Sopa kalın bir kütüğe benziyordu.

 

Kang-jun gergin bir şekilde kaçındı.

 

‘Bir Vuruş ve her şey biter’


Neyse ki, koridor dardı. Bu dar koridorda uzun bir sopayı savurmak kolay değildi.

 

Kwang!

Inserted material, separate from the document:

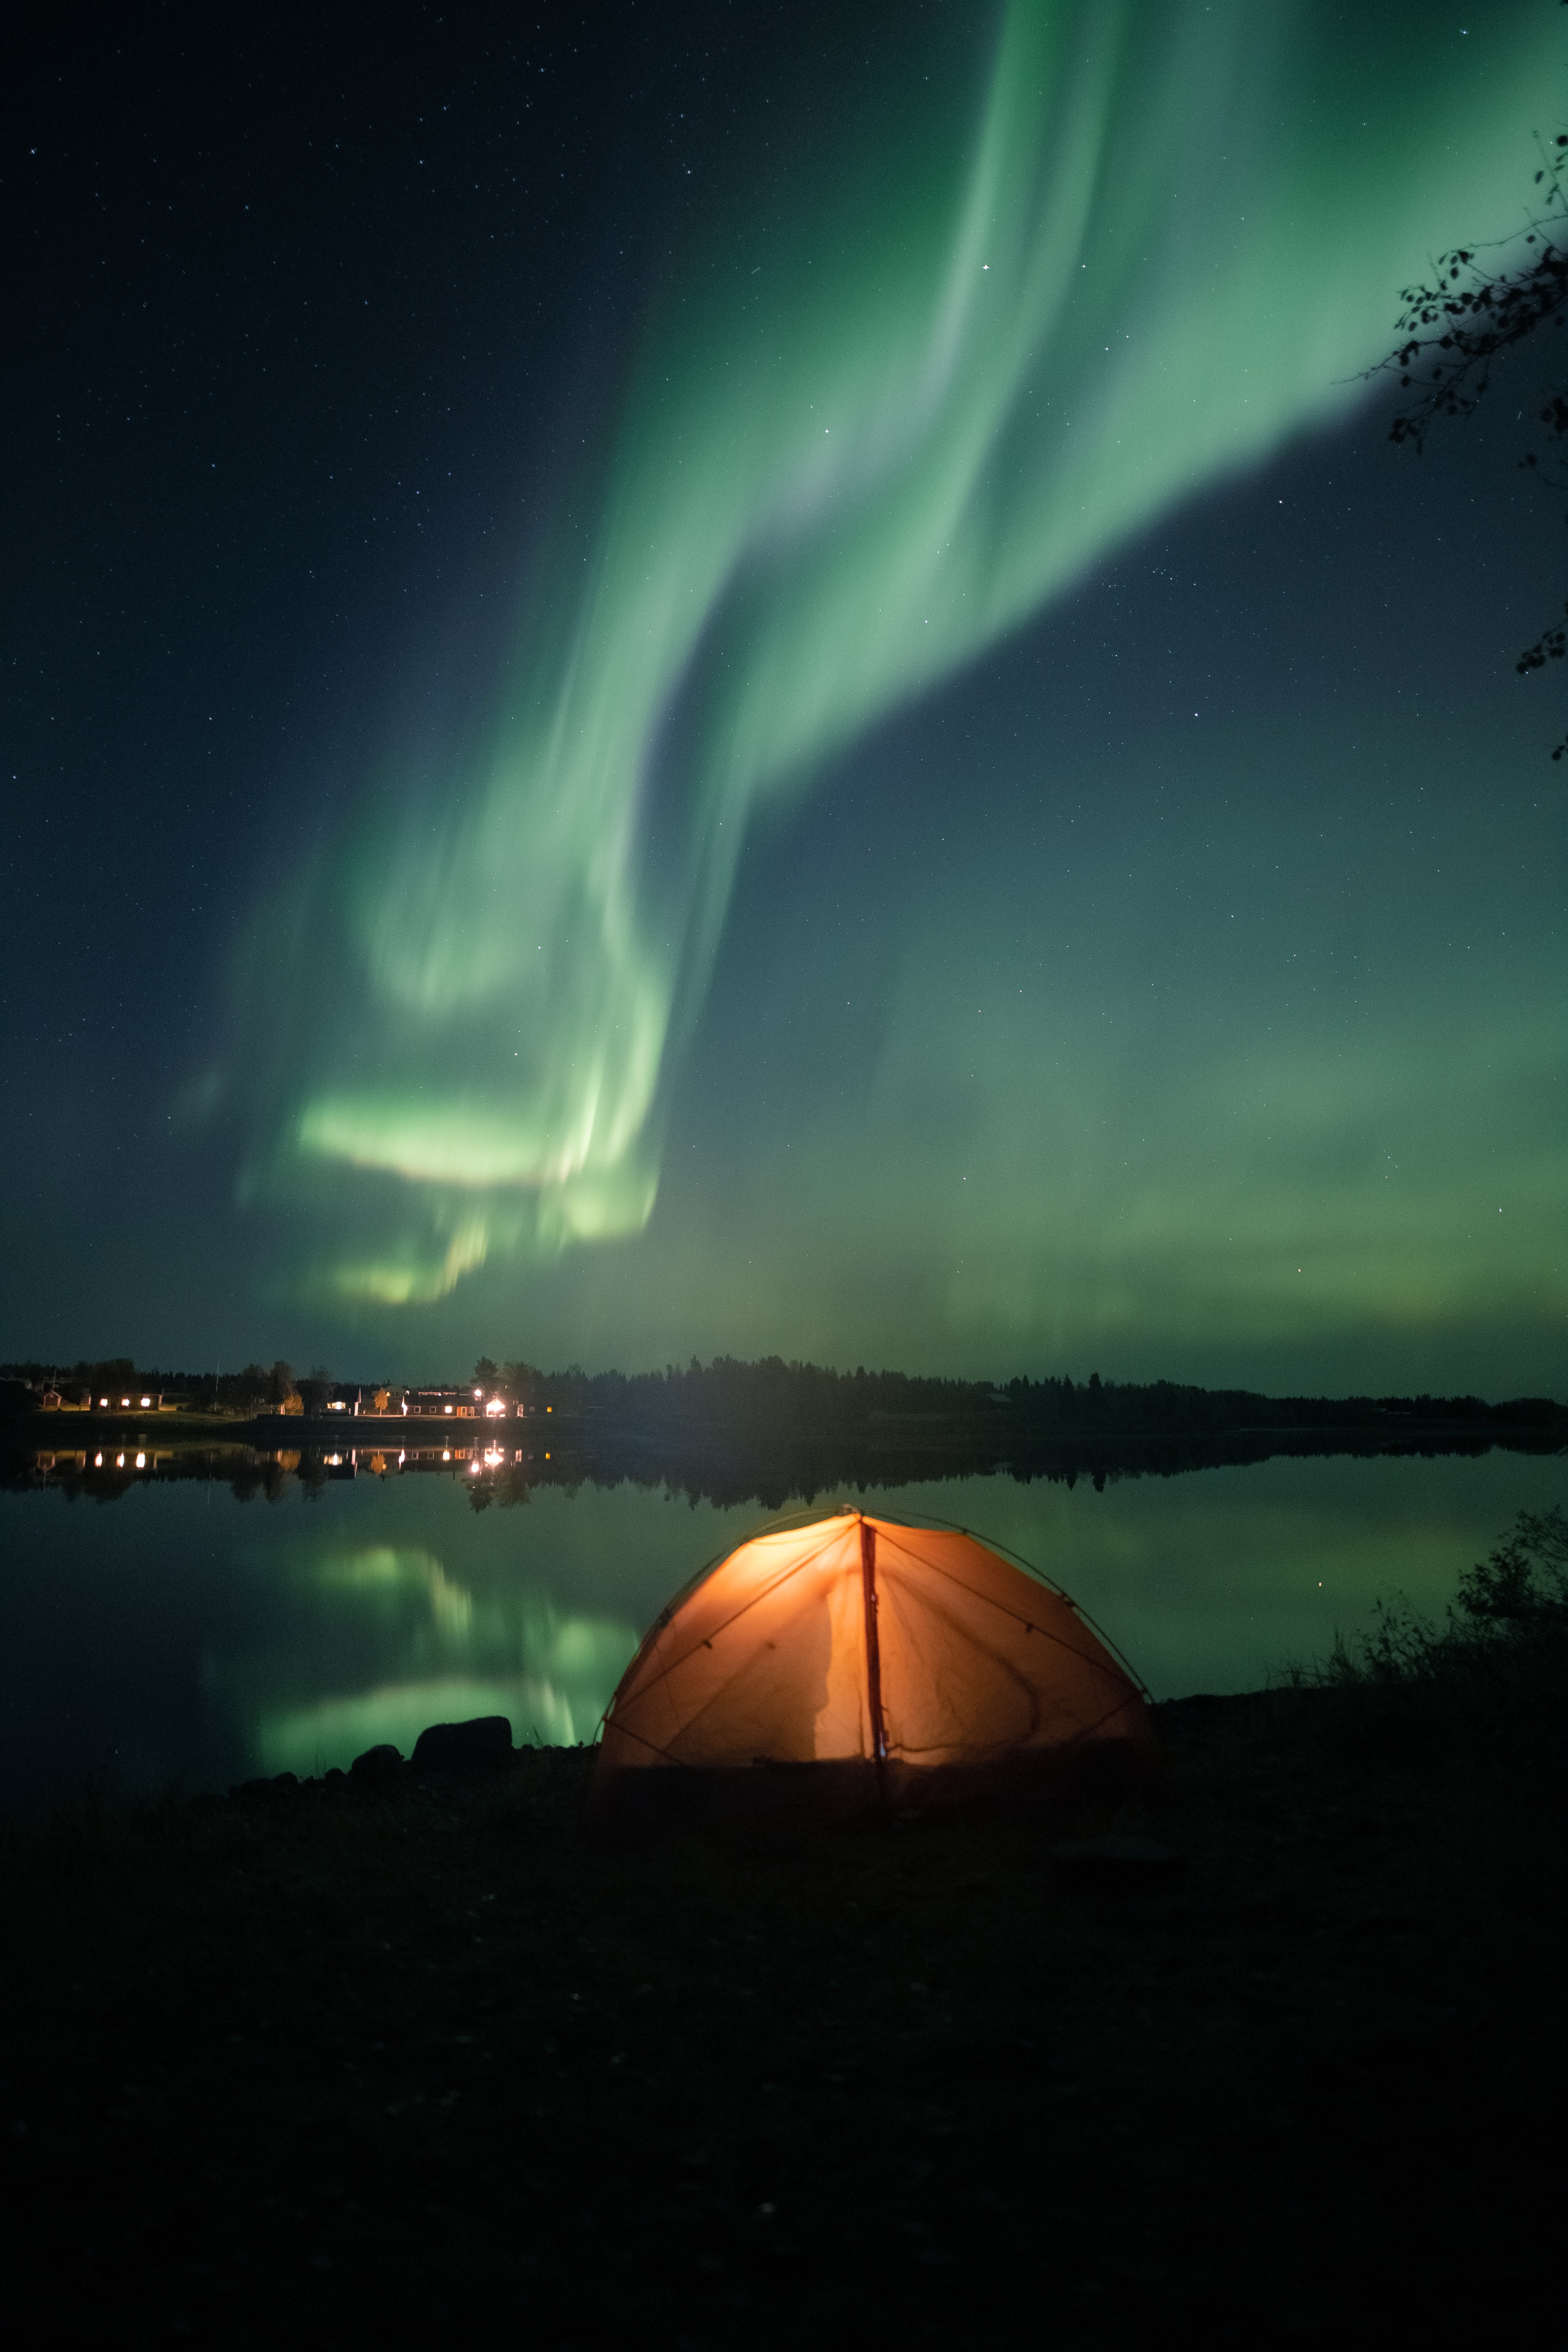 103592 baixar imagens noite, lago, escuro, acampamento, aurora boreal, barraca, tenda - papéis de parede e protetores de tela gratuitamente
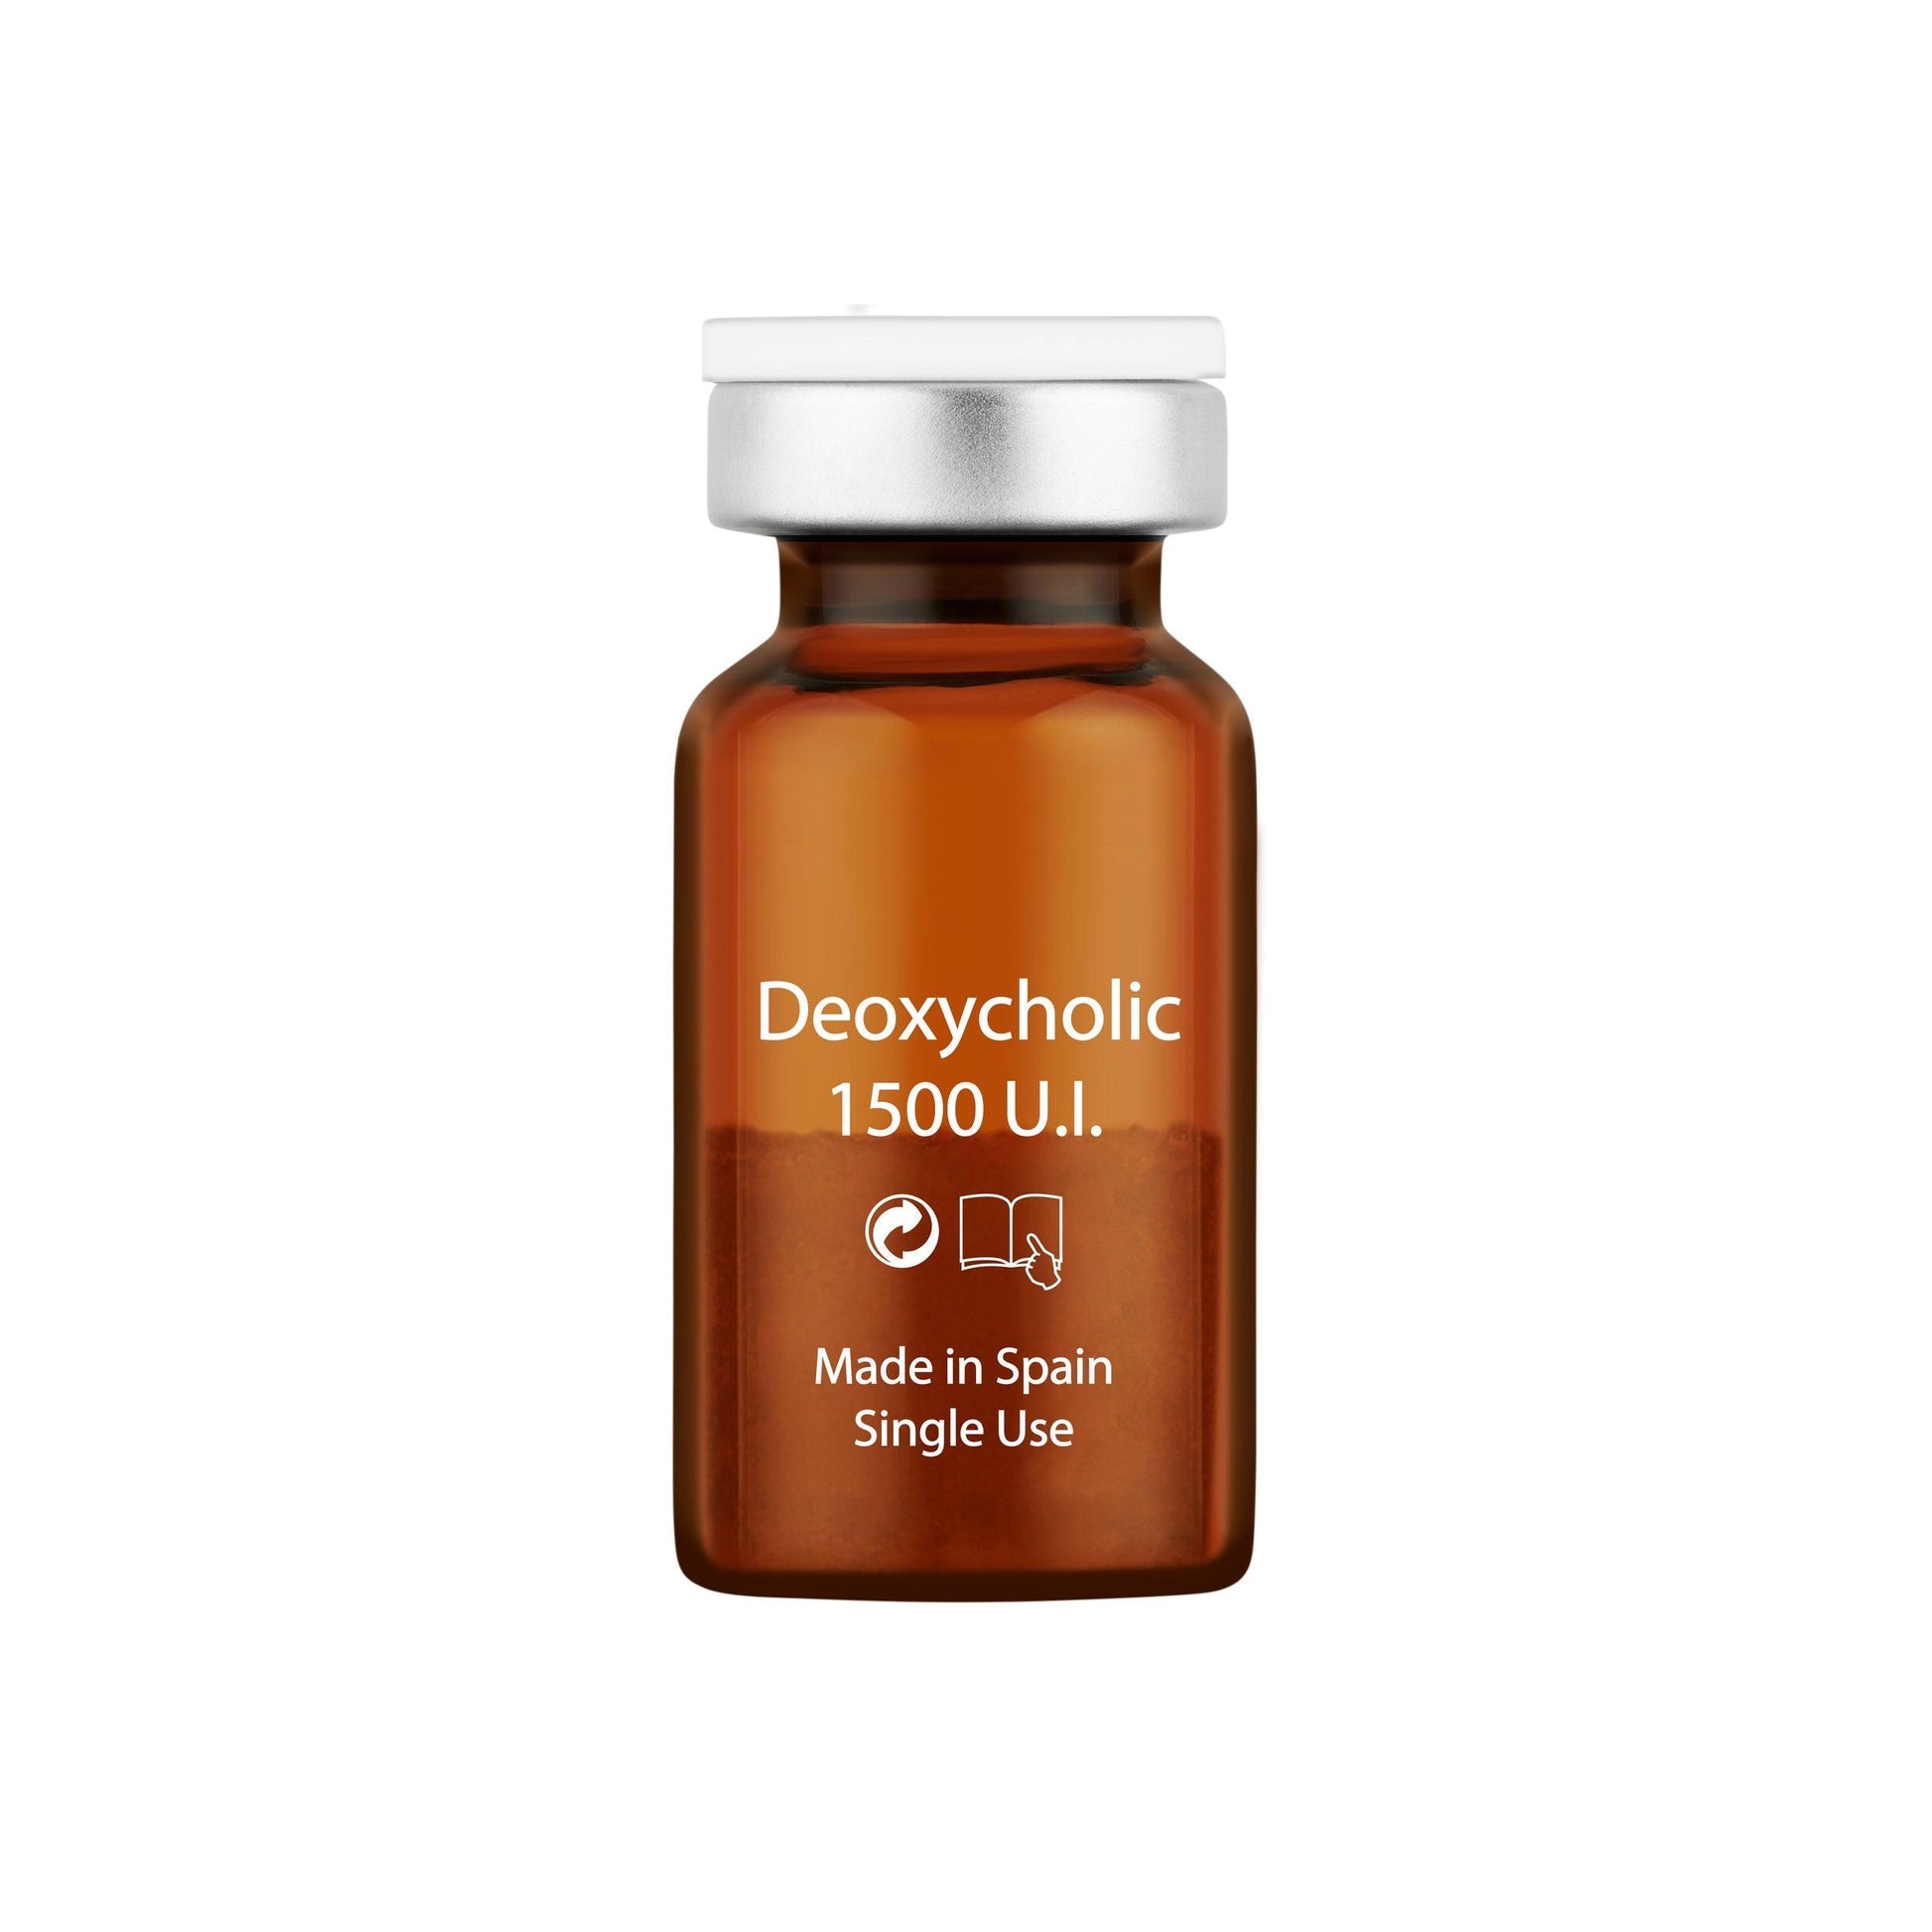 Deoxycholic 1500 U.I. - MCCM Medical Cosmetics

Kwakwang!

 

Alçak tavan ve koridorun dar duvarları sopanın gücünü azalttı.

 

Kang-jun hemen bir açıklıktan saldırdı.

 

Bam!

 

Kang-jun canavarın kafasına vurdu ama canavarın kafası oynamadı bile.

 

“Kuaaah!”

 

Sopayı attı ve iki eliyle Kang-jun’a saldırdı.

 

Kwakwang!

 

Bu göz kapayıp açana kadar gerçekleşti.

 

“Ugh!”


Kang-jun hemen geriye takla attı.

 

Sırtı ağrıyordu.

 

‘Euh! Az kalsın ölüyordum. Bu piç çok hızlı.’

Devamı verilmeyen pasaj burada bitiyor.